Dive deeper: Read how a software-defined and managed virtual network, can significantly outperform peer-to-peer connections over the public internet.


Let us talk about networks and how they fit into the real-time communication challenges that we’ve got. Here’s what we’re going to do in this lesson: Understand networking basics, what it means to use digital networks, and review the effects of media quality.

Read the full transcript

Okay, we’re going to look at what is going to affect the media quality in our networks. First thing we need to understand is bitrate and bandwidth. Okay. When we’re talking about bitrate, we’re talking about how many bits per second can we send or receive over the network. This number changes and fluctuates over time dynamically. There is a different number or there’s a different value for incoming and outgoing. When I send data, there’s an amount of bitrate that I can send in when I receive data, there is an amount of bitrate that I can receive, and they’re not the same. So, bitrate is a given point in time and the number of bits that we can send bandwidth is an answer to the question: What is the available bitrate?

In real-time communication networks, usually what we will see is that there’s an estimate of what the bandwidth is. Then if the platform or the solution will try to use bitrate that is either up to that point or below that point, doing anything above that means that we’re going to lose some of the data. Why do we need all that? Well, the answer is that the networks that we use are messy and unpredictable. If I’m going to send packets to someone, I’m going to send packet 12345. Some of them, as in this example, might get lost. What we see here that packet number two got lost along the way who might have packet duplication. Okay, the same packet, packet number two here, was sent twice. There might be reordering of the packets. Here, what was sent was 12345. But what was received on the other end was 14325. So, someone might need to reorder these packets if the order is important to us.

Then there’s jitter. I’m sending packets at the given time frame or with a given latency between each packet. But they get received on the other side with a bit of jitteriness, not exactly at the exact differences in time in which I’ve sent them. So, what do we do about these problems? So, what can we do? So, here’s a few of the traditional ways that are the most commonsense ways of dealing with them. The first one is, well, let’s do some delivery acknowledgement. That’s how the internet solves this problem.

We’ve got two machines here, the first machine on the left is going to send packet number one.

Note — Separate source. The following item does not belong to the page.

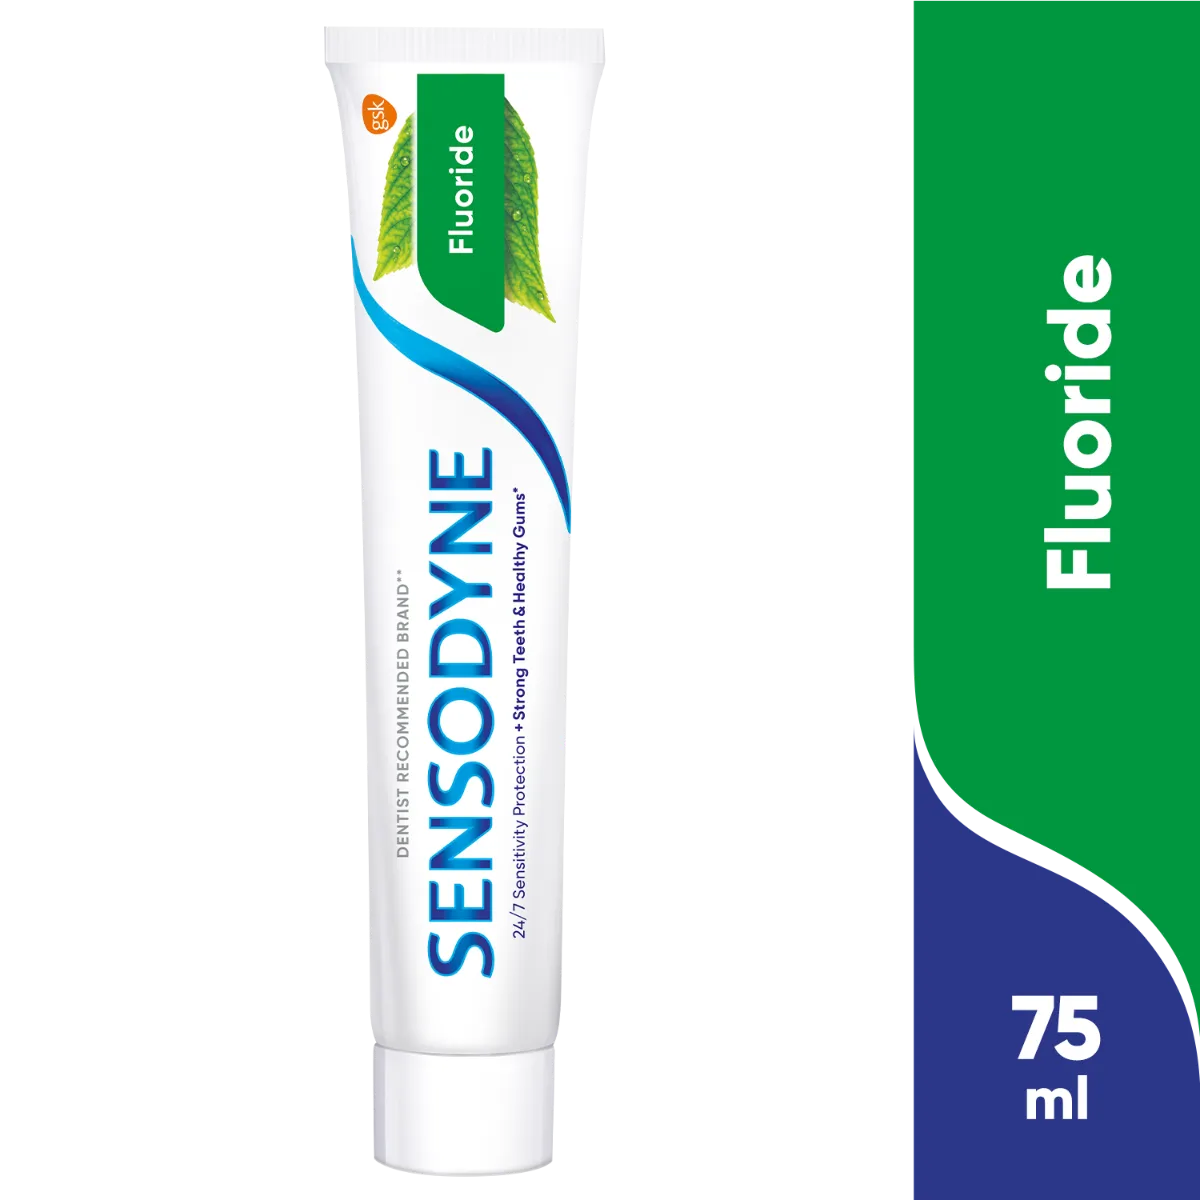 Sensodyne Fluoride, pasta do zębów z fluorkiem, 75 ml
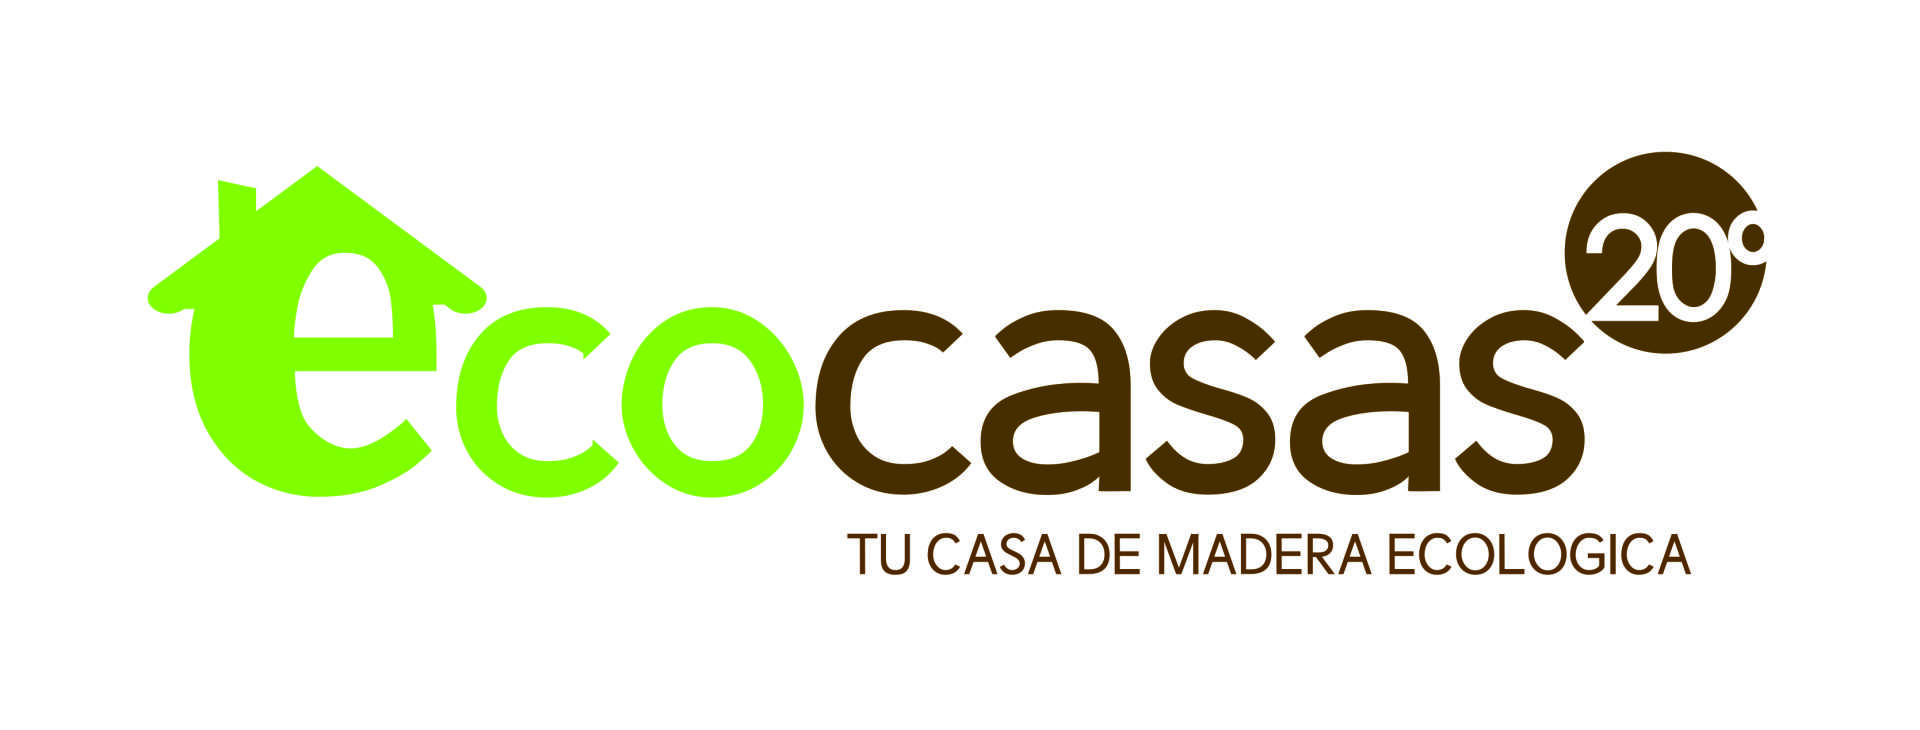 EcoCasas

Okay, the second machine that received the message is going to send the result—a reply. It is going to say, “I’ve got packet number one.” This is an acknowledgment. Another solution is to retransmit it’s part of the first problem or the first solution to see that acknowledgement. The first machine is going to send the packet, this never got to the other end. At some point in time in the future, it’s going to see that it got no acknowledgment and it’s going to retransmit the first message and then it will get the acknowledgement that it wanted.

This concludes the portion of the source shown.